Мне было очень приятно получить от Вас, уважаемый Александр Петрович, письмо, в котором Вы выражаете готовность поспешить на помощь несчастному Панютину. Он действительно в ужасном положении, и я ума не приложу, как ему помочь, тем более что обстоятельства не дозволяют мне располагать теперь никакими к тому средствами. «Обращаясь за сим по существу», я не могу ничего отвечать Вам на Ваши вопросы до тех пор, пока снова повидаюсь с Панютиным, который, вероятно, сам к Вам приедет; но будет ли это в воскресенье или в иной день – я не знаю. Меня же прошу извинить: мне, право, не до выездов, и я нахожу, что они мне просто вредны: я себя всего лучше чувствую у себя дома, и добрые приятели должны мне это простить. Это отнюдь не значит, чтобы я чуждался людей; а просто теперь в обществе очень много говорится такого, чего я, по своим чувствам и убеждениям, спокойно и не расстраиваясь слушать не могу.
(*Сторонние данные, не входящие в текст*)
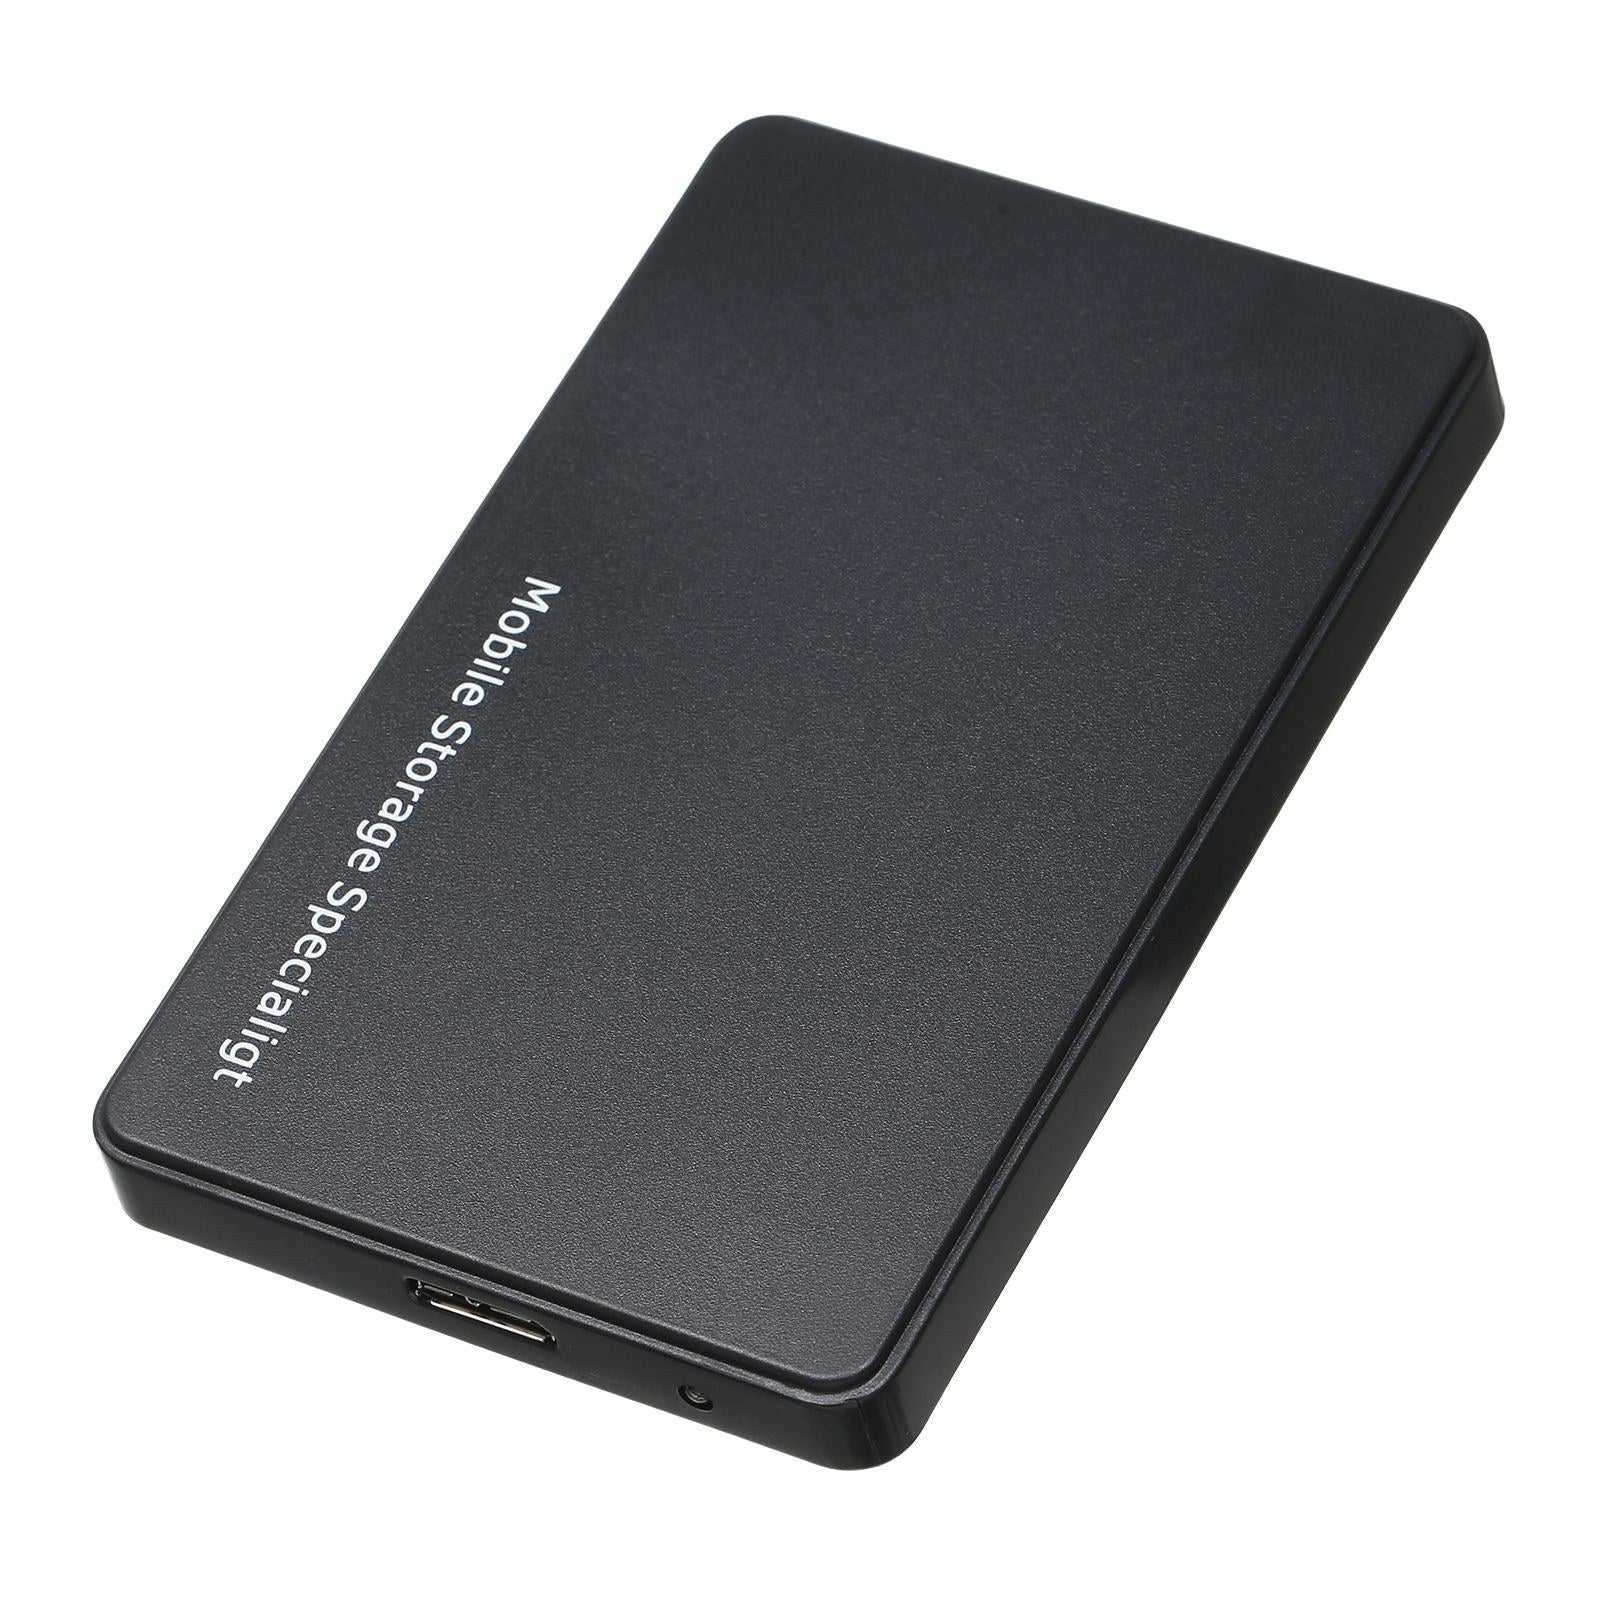 2.5 inch Hard Disk Case USB3.0 High-speed 5Gpbs Transmission External Enclosure SATA Hard Drive Case Support 2.5inch 7/9.5mm SATA HDD/SSD - Black
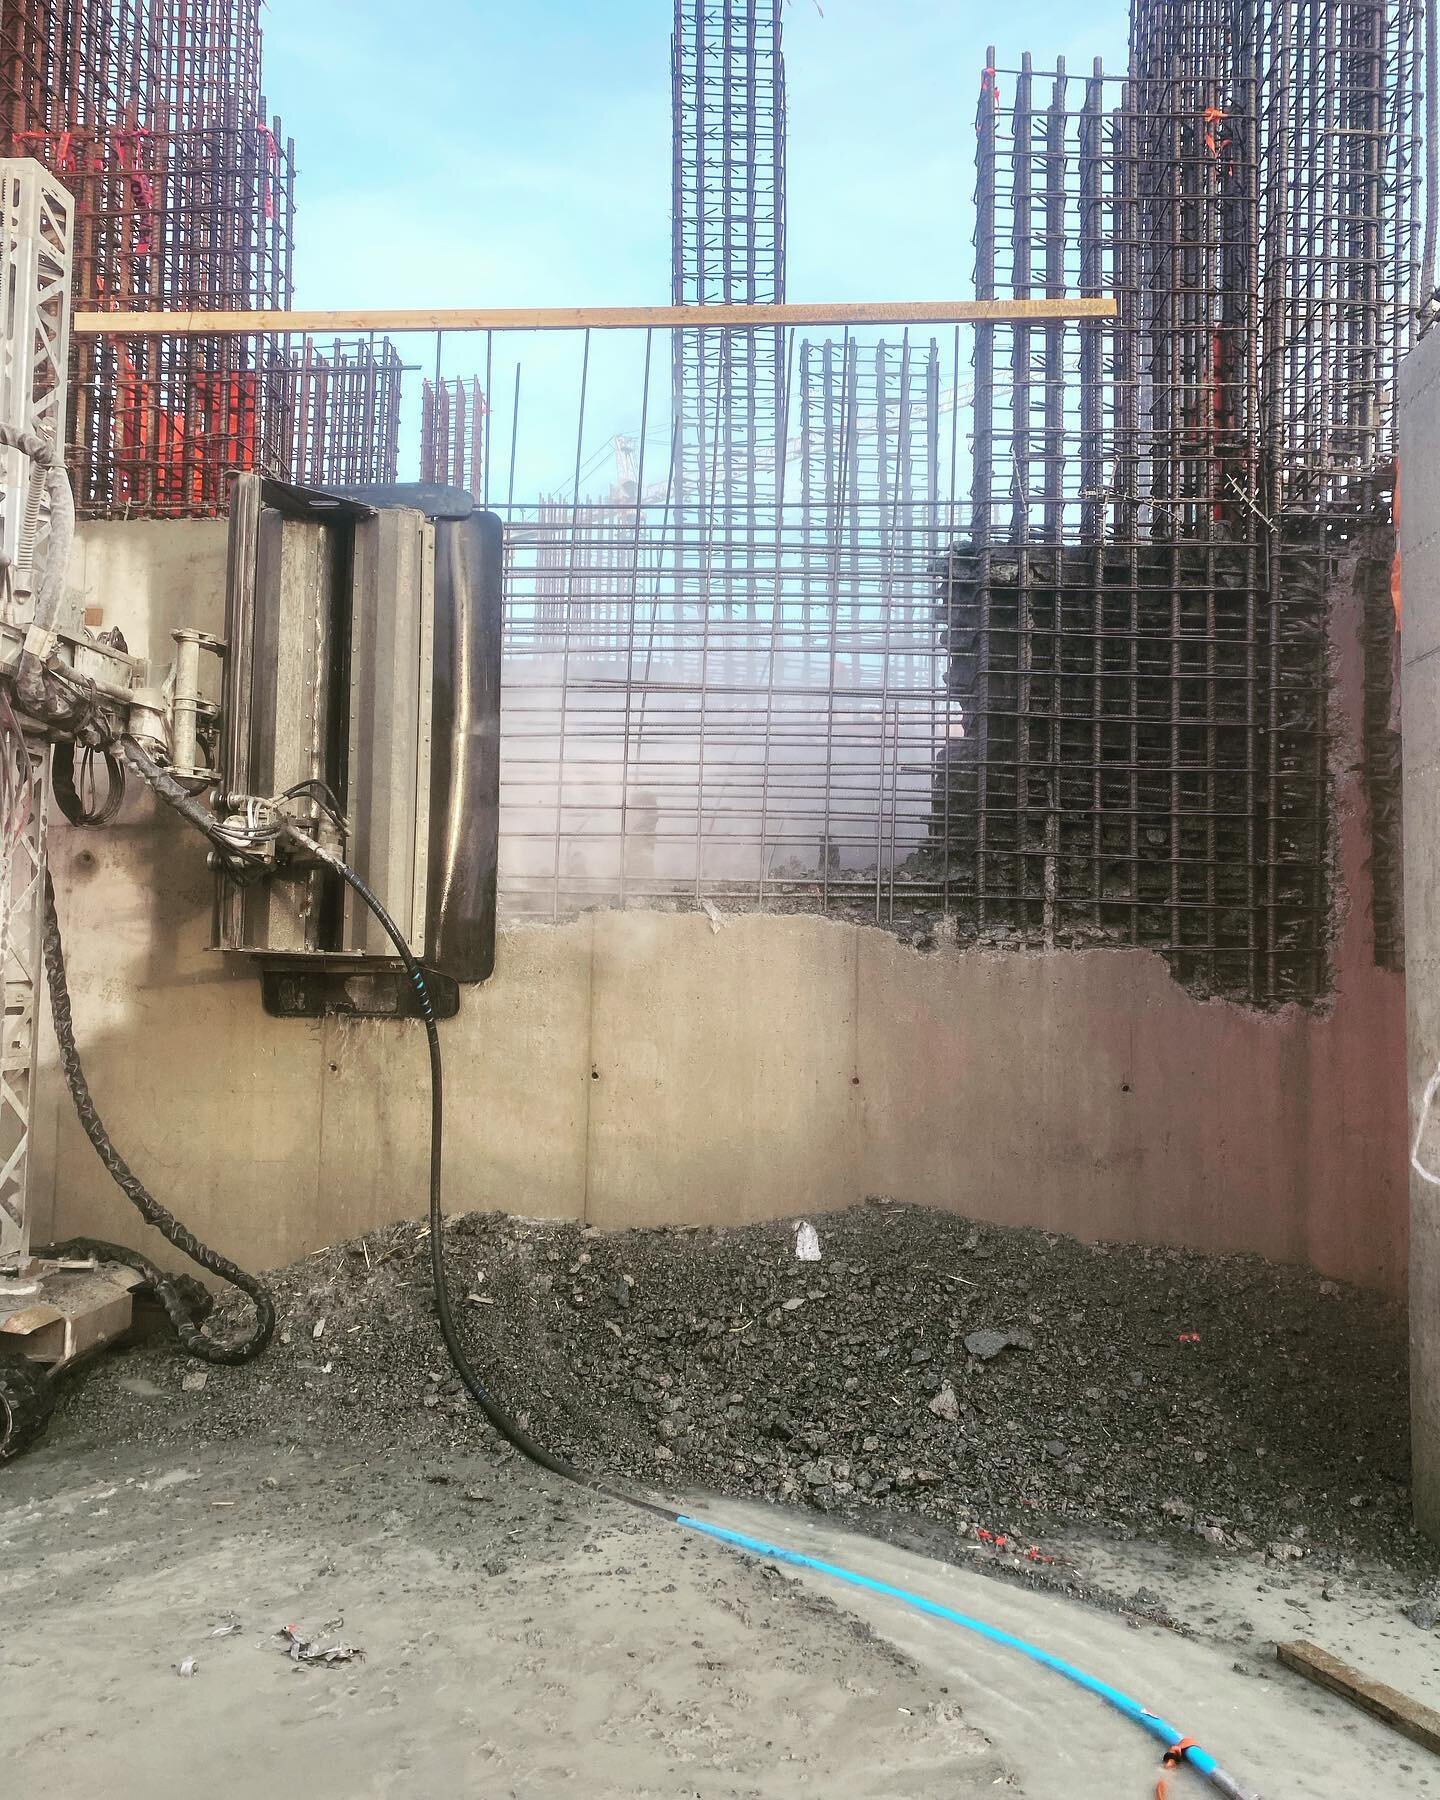 Taking care of business #hydrodemolition #concrete #demolition #whereswalco #highpressure #worksmart

Зачем же мне неволить себя, для того чтобы быть в тягость и ceбе и людям? Не рассердитесь на меня и не принимайте чего-нибудь в этих словах на свой счет – это будет несправедливо: я Вас очень люблю и уважаю, но гостем позвольте мне быть тогда, когда я буду чувствовать себя к этому способным.
Душевно Преданный Вам
Н. Лесков.
P. S. Поздравляю Вас со вчерашнею передовою статью «Московских ведомостей» по герцоговинскому вопросу. Спрашивается: почему это воистину «циническое» отношение к столь ужасным событиям считается такими умными людьми за самое уместное и благоразумнейшее? Я не могу не видать в этом, как и во многом другом, особенного самоуслаждения в противуречии лучшим инстинктам страны, как только она выходит из своей мертвящей апатии и пробует проявить какой-нибудь живой дух и симпатии. И эти унылые люди со всею их дальнозоркою расчетливостью ошибутся, и эту ошибку им покажет не кто иной, как тот, очень многими (и Вами) отвергаемый, незримый дух народа, о котором говорит всех смелее и, по-моему, всех лучше граф Лев Толстой в «Войне и мире». В том, в чем они хотят всех уверить, они никого не уверят, а сами изверятся у многих.
Уважаемый Петр Карлович!
Вчера я получил Ваше письмо; а Комитет – Вашу рукопись (под девизом, но с указанием на тюке, кто ее посылает!!). А. И. Ходнев сегодня сообщил мне по секрету, что все Ваши желания будут исполнены, – чему я и радуюсь.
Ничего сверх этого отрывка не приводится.